Diesen globalen Merker muß man nicht an Bausteine übergeben (kann aber).

Gruß
Harald


----------



## anne (16 Juni 2010)

Ok, vielen Dank Harald.

Die Bezeichnung "ZYKLUS1" stammt von der *Symboltabelle*, richtig?


----------



## ssound1de (16 Juni 2010)

anne schrieb:


> Die Bezeichnung "ZYKLUS1" stammt von der *Symboltabelle*, richtig?


 
Ja. Wenn "symbolische Anzeige" ausgeschaltet wäre, würde an dieser Stelle der entsprechende Operand stehen (war hier ja M0.2).
Merker sind im System fest deklariert und global verwendbar.


----------



## JesperMP (16 Juni 2010)

Frage:
Wird OB1_SCAN_1 auch nach ein Warmstart auf "1" gesetzt ?
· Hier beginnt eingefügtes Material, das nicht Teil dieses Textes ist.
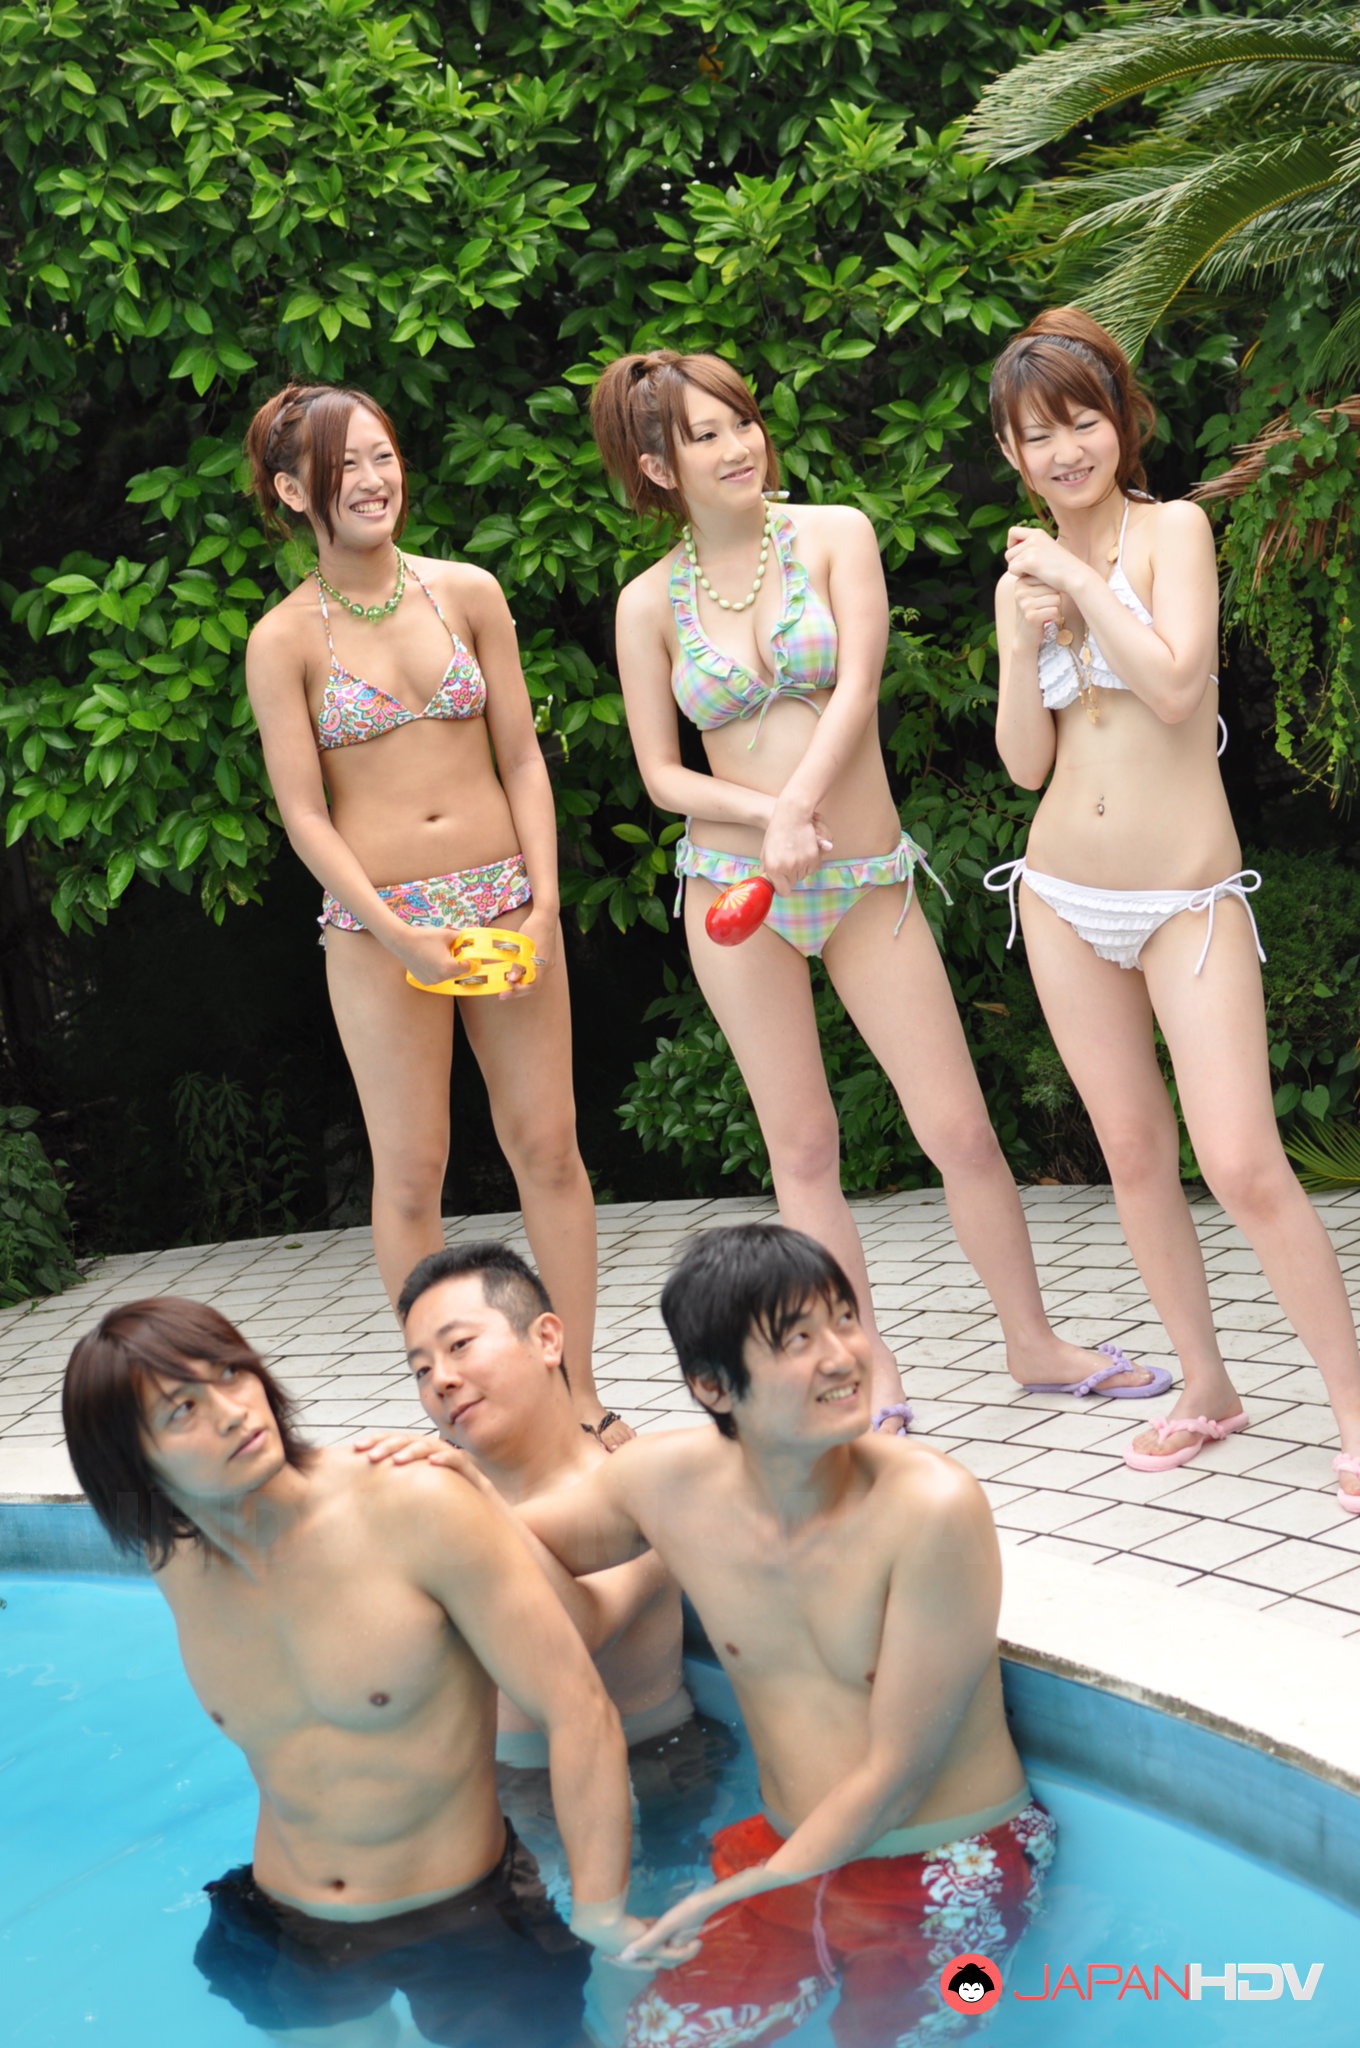 All Girl Party Xxx - Japanese girls enjoy in some sexy pool party

Der Kommentar zu OB1_SCAN_1 sagt "_1 (Cold restart scan 1 of OB 1), 3 (Scan 2-n of OB 1)_".

Ich will das ich eine 1st_scan bit habe der aktiv ist nach ein Warmstart (*).
Dazu verwende ich heute OB100, aber überlege ob OB1_SCAN_1 besser/einfacher wäre.

*: Grund ist, wenn ich ein Program komplett geladen habe, und ich diverse Initialwerten setzen will durch den "1st_scan" bit, wird ein Warmstart durchgeführt, kein Kaltstart.


----------



## PN/DP (16 Juni 2010)

JesperMP schrieb:


> Frage:
> Wird OB1_SCAN_1 auch nach ein Warmstart auf "1" gesetzt ?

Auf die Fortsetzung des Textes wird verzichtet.